What you are asked to do.
Repeat nothing but the line that contains "Hill Country Fare" and the lines after it, through the end of the listing, exactly as they stand; omit pictures.

Information supplied.
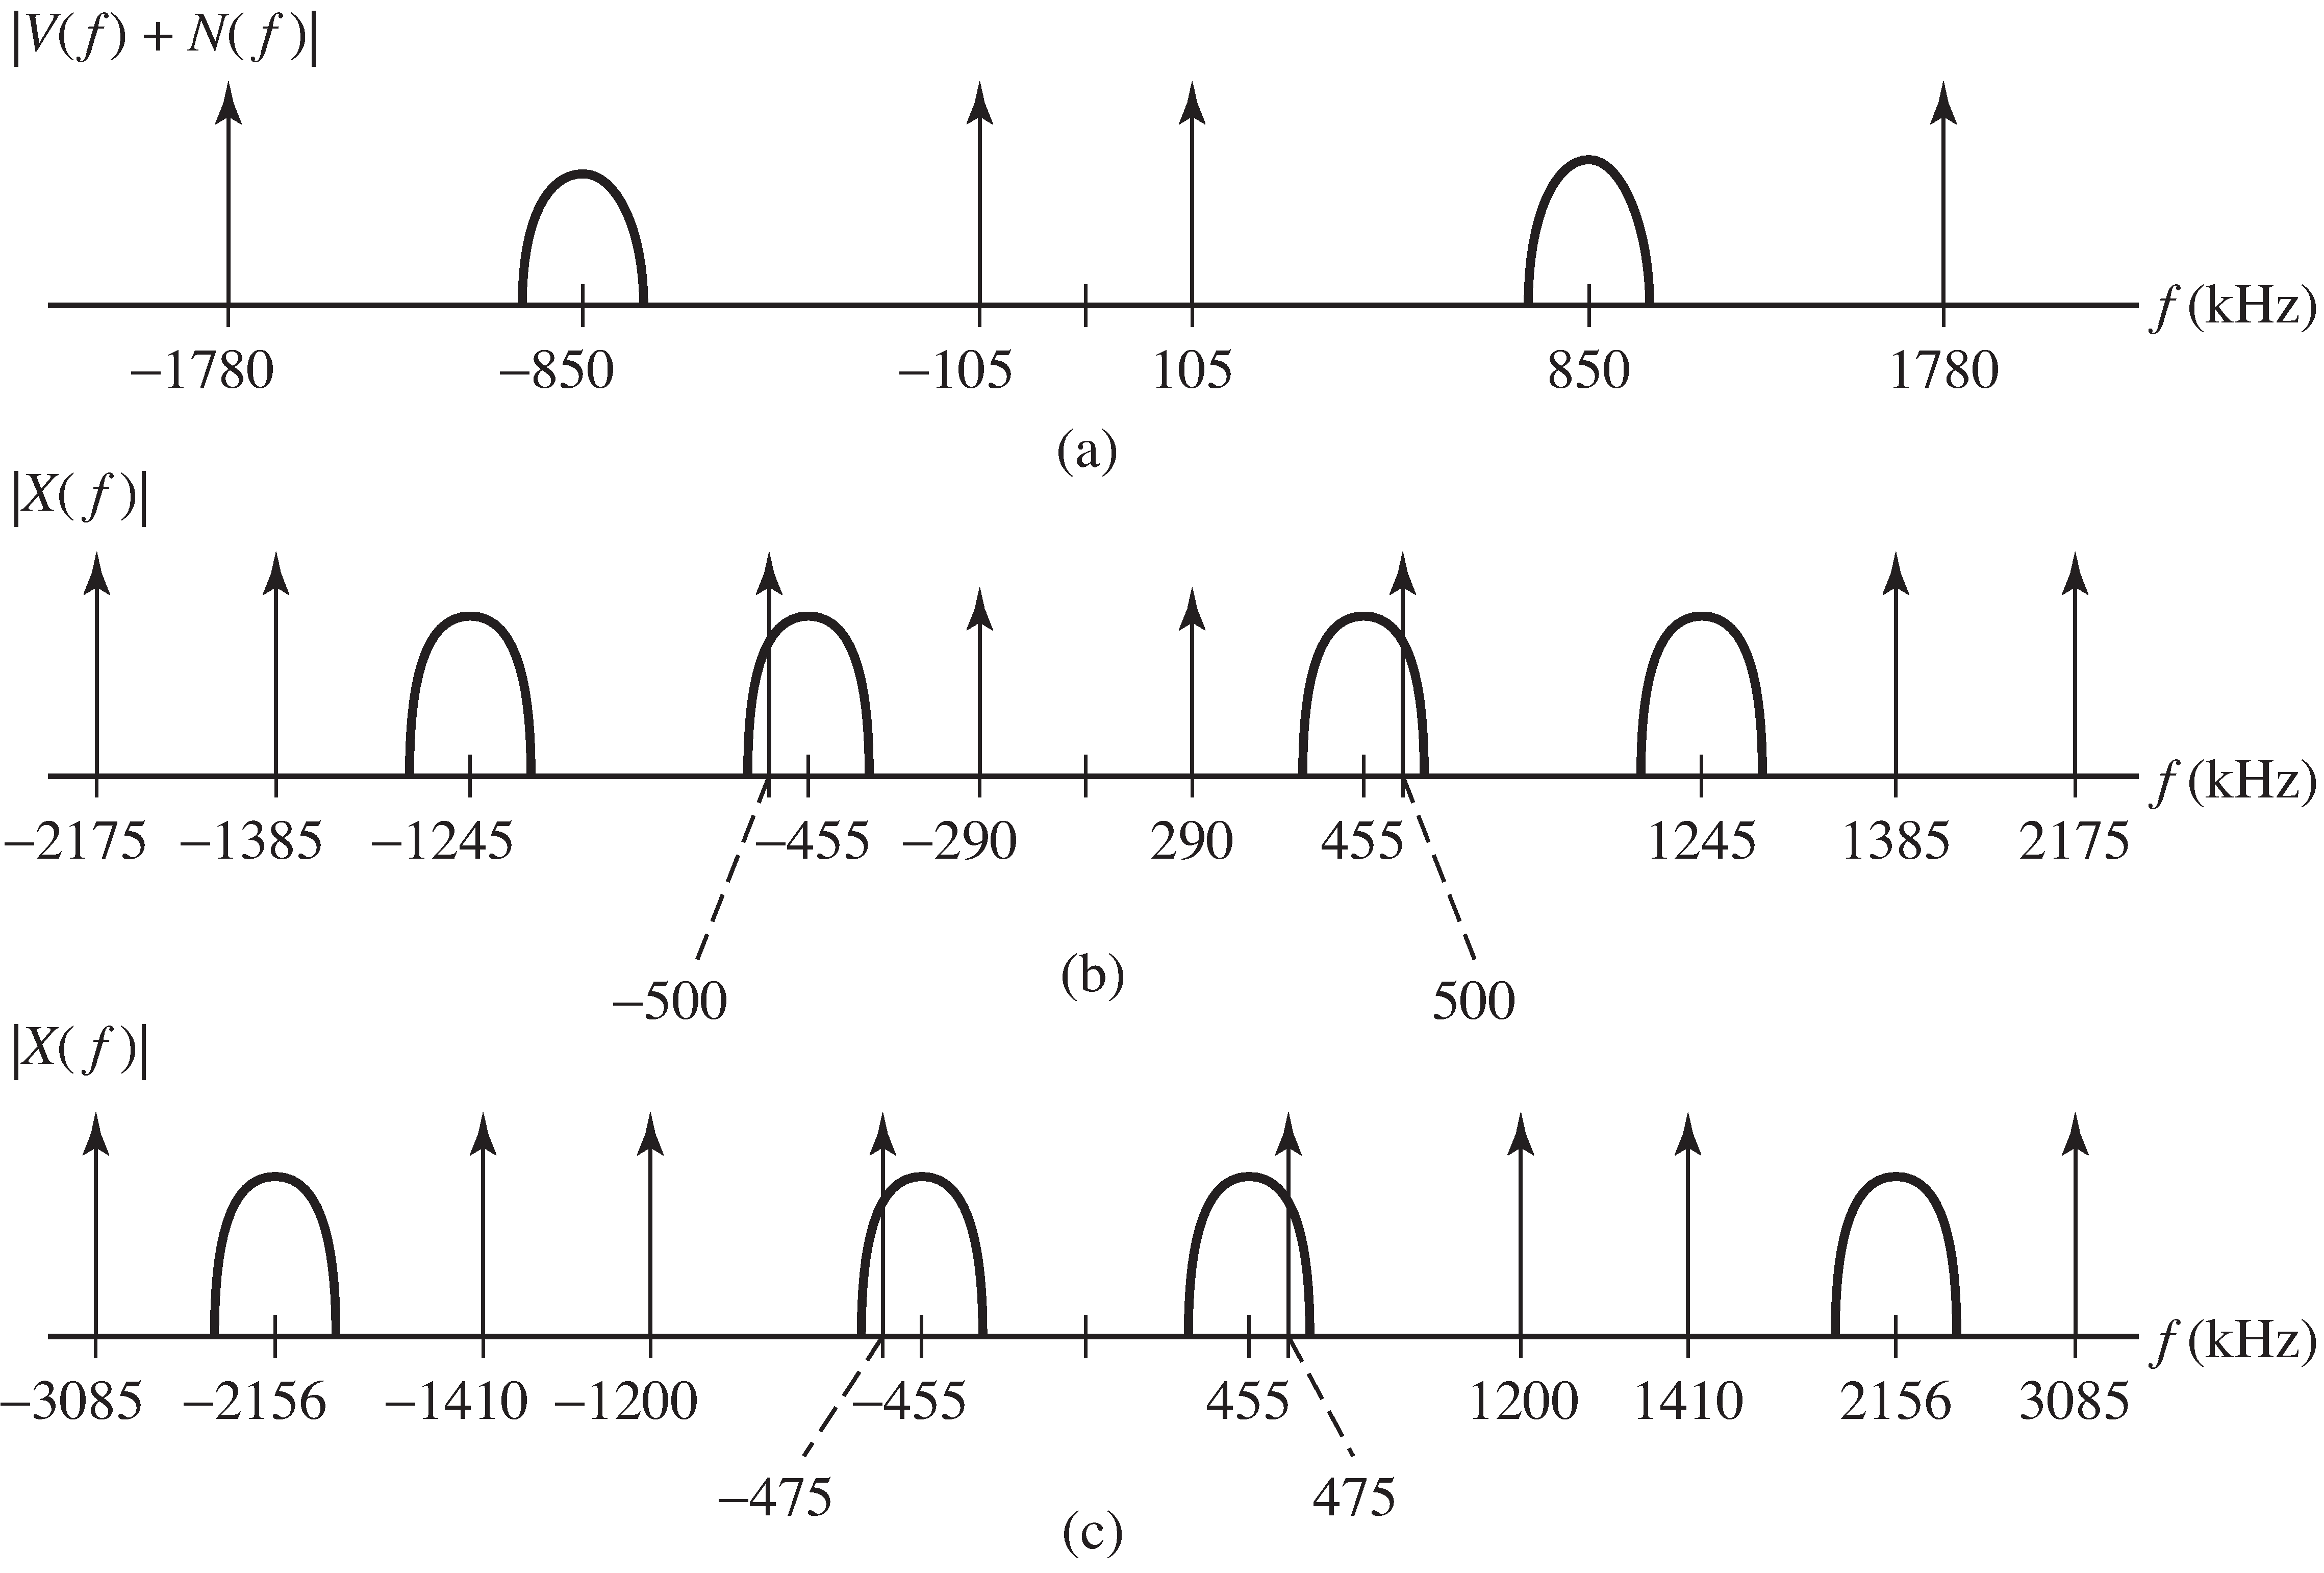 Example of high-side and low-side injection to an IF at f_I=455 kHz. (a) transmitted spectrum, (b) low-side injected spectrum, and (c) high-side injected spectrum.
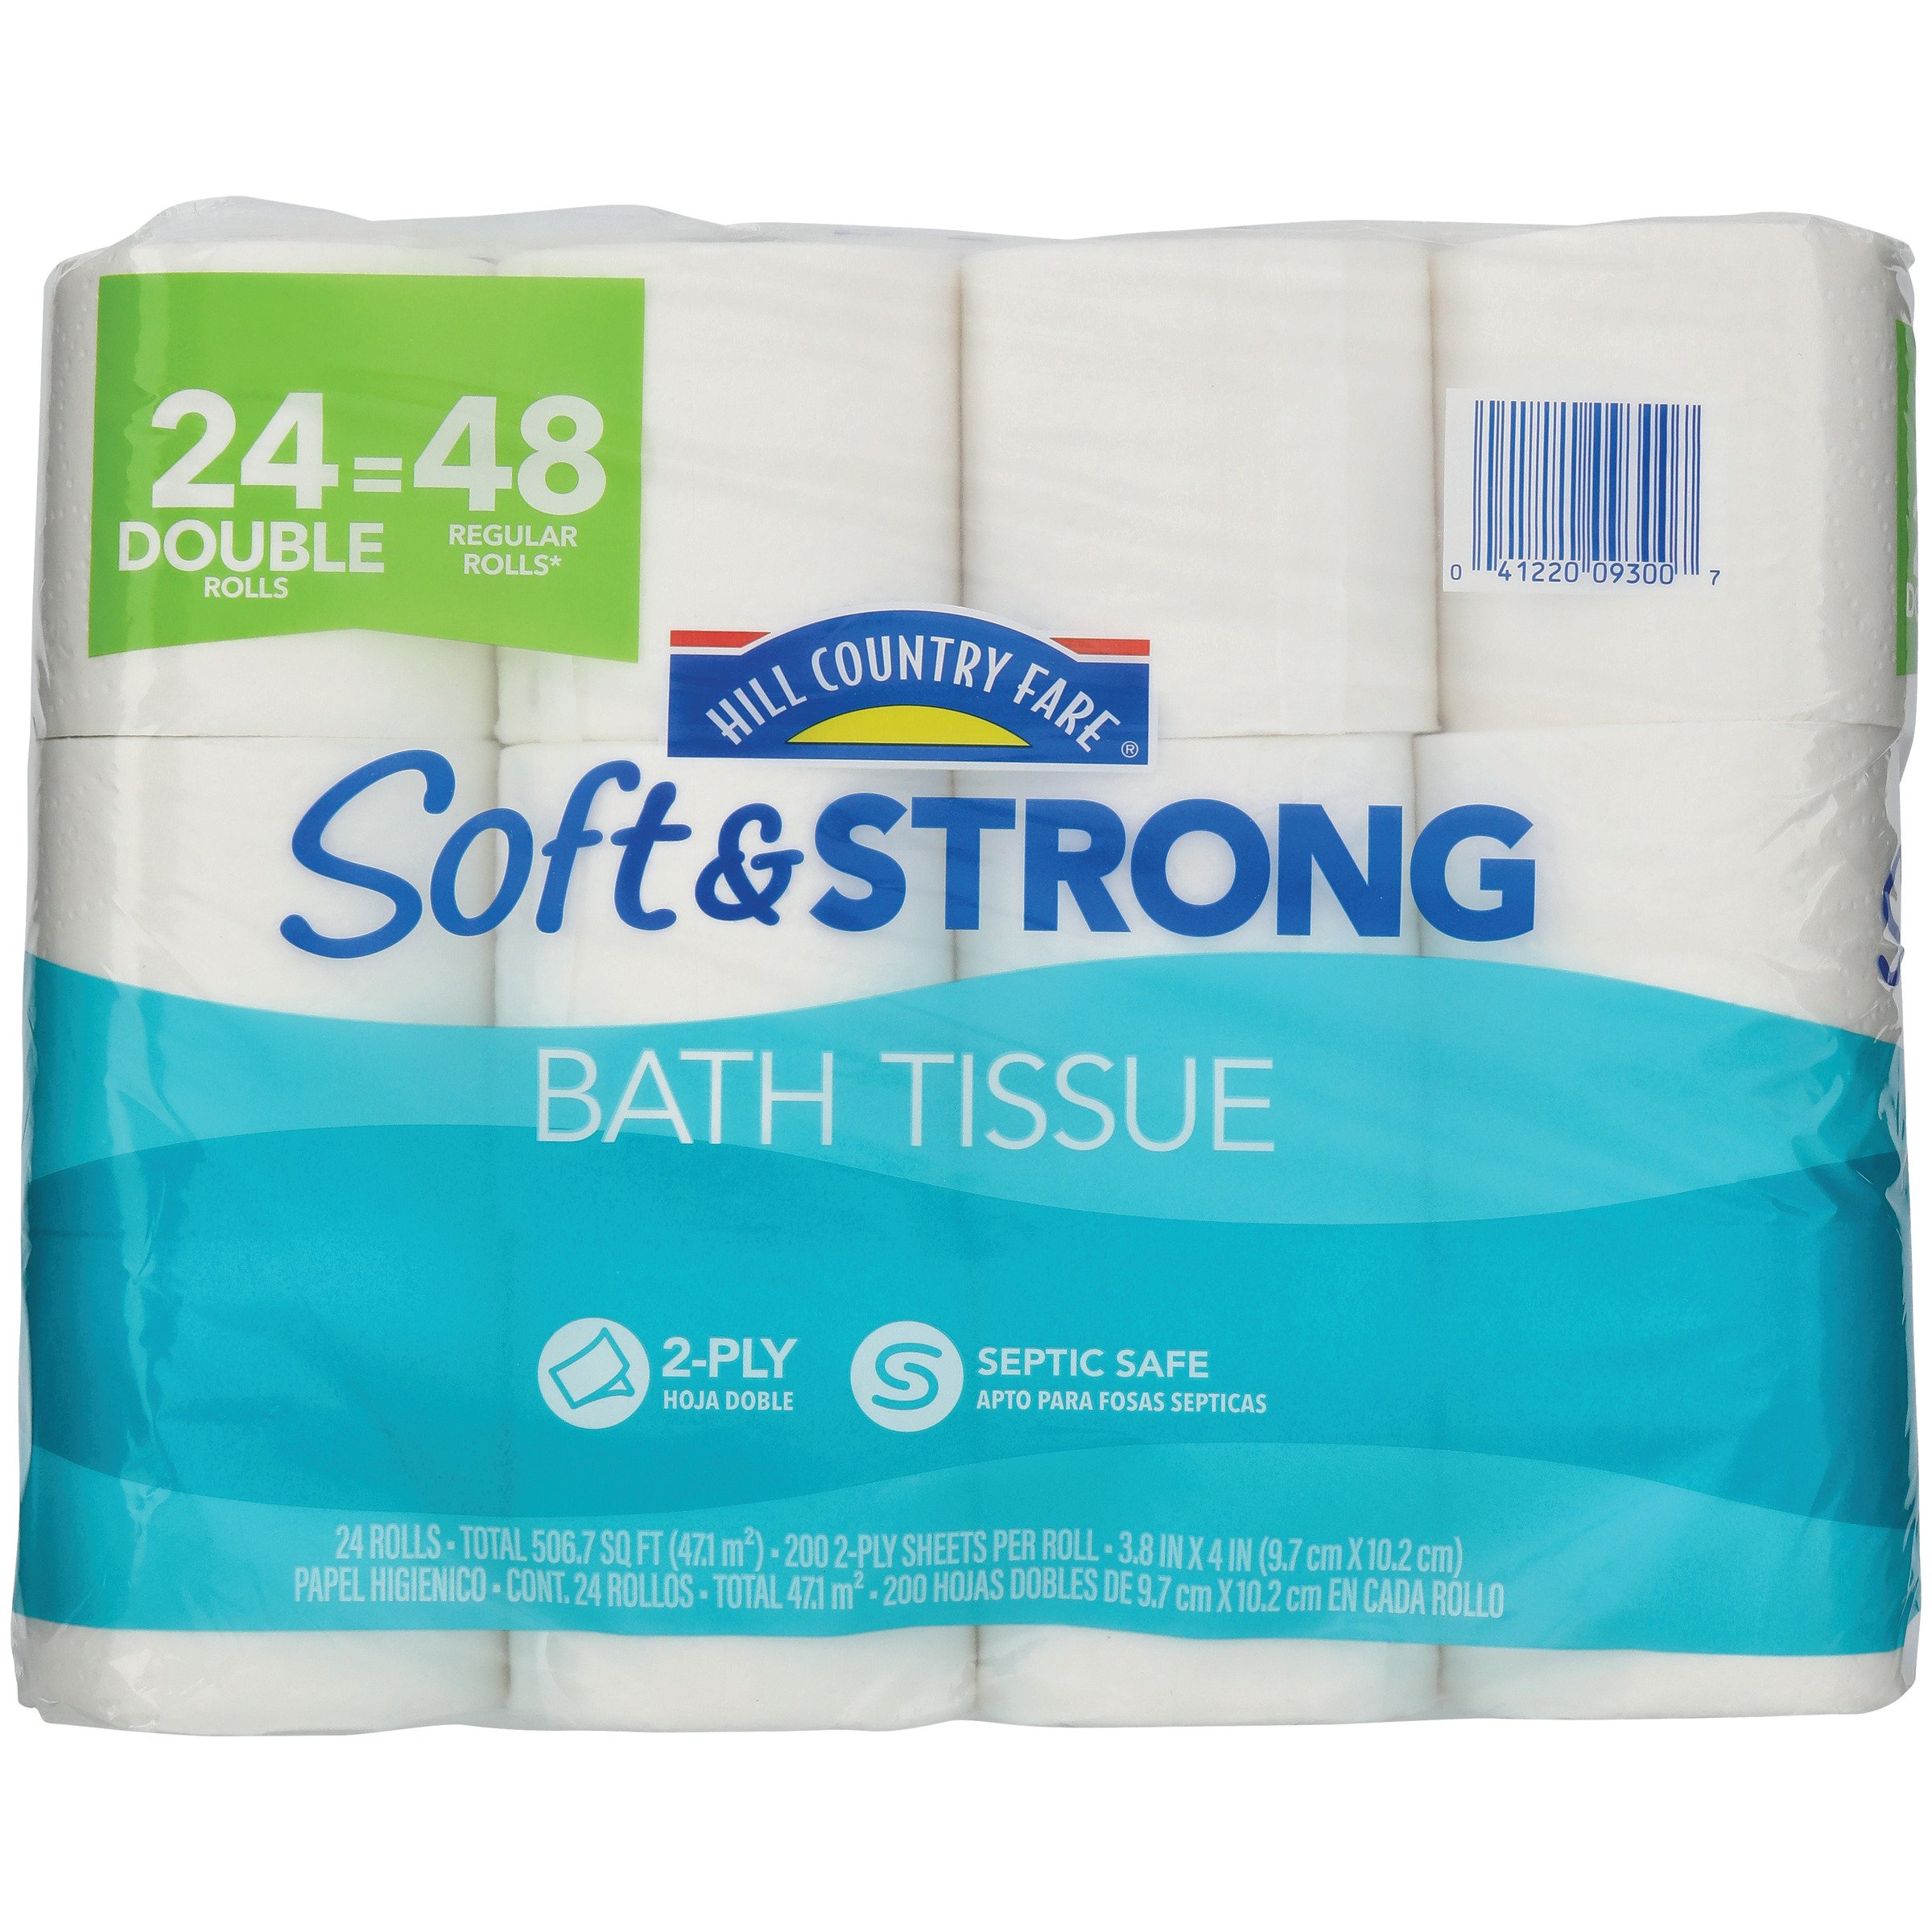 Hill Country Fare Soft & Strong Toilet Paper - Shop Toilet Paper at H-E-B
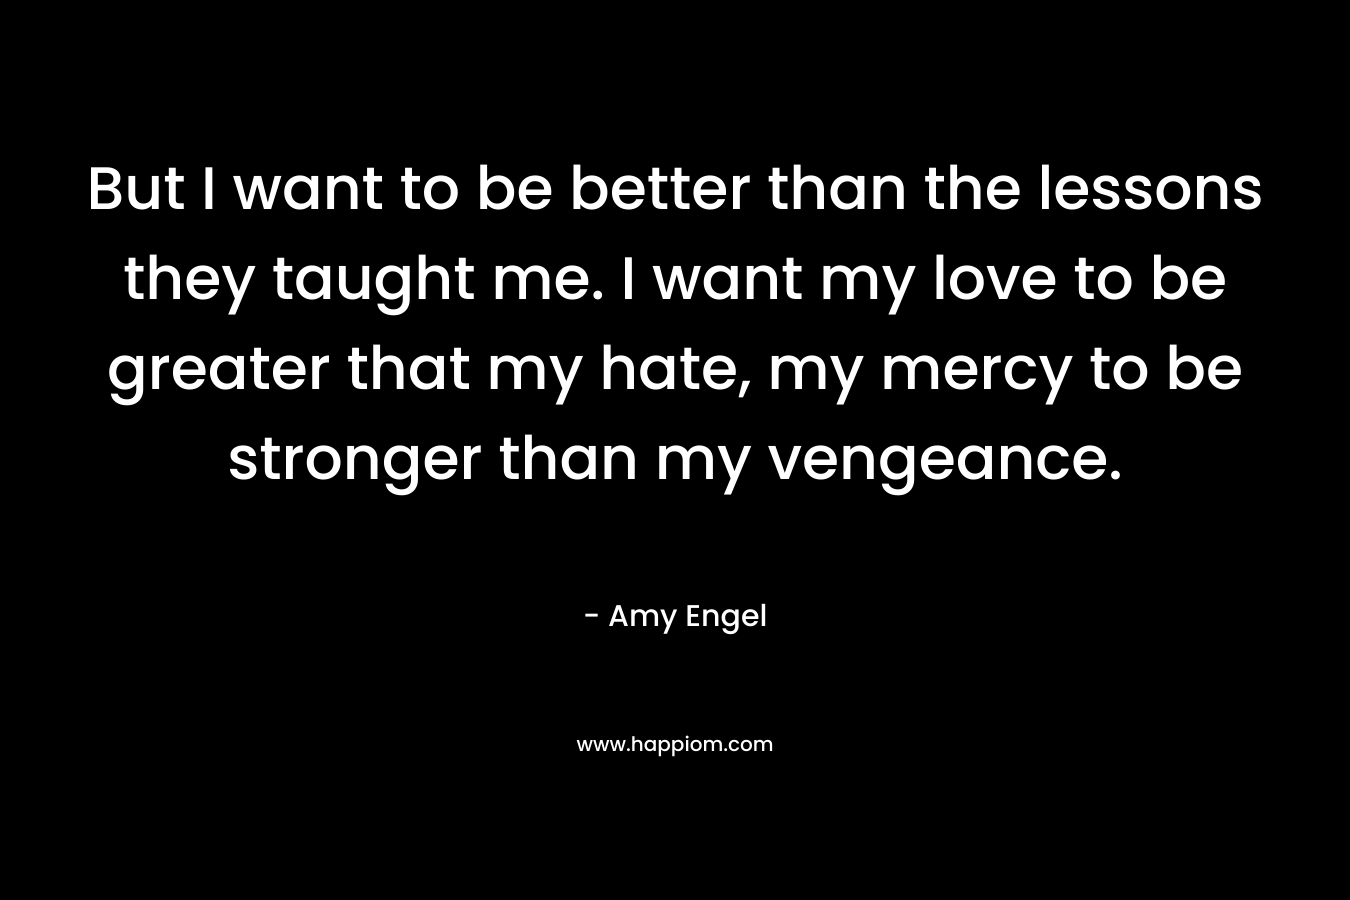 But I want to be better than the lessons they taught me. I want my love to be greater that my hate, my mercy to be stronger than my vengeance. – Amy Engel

Result of this exercise.
 Hill Country Fare Soft & Strong Toilet Paper - Shop Toilet Paper at H-E-B
 But I want to be better than the lessons they taught me. I want my love to be greater that my hate, my mercy to be stronger than my vengeance. – Amy Engel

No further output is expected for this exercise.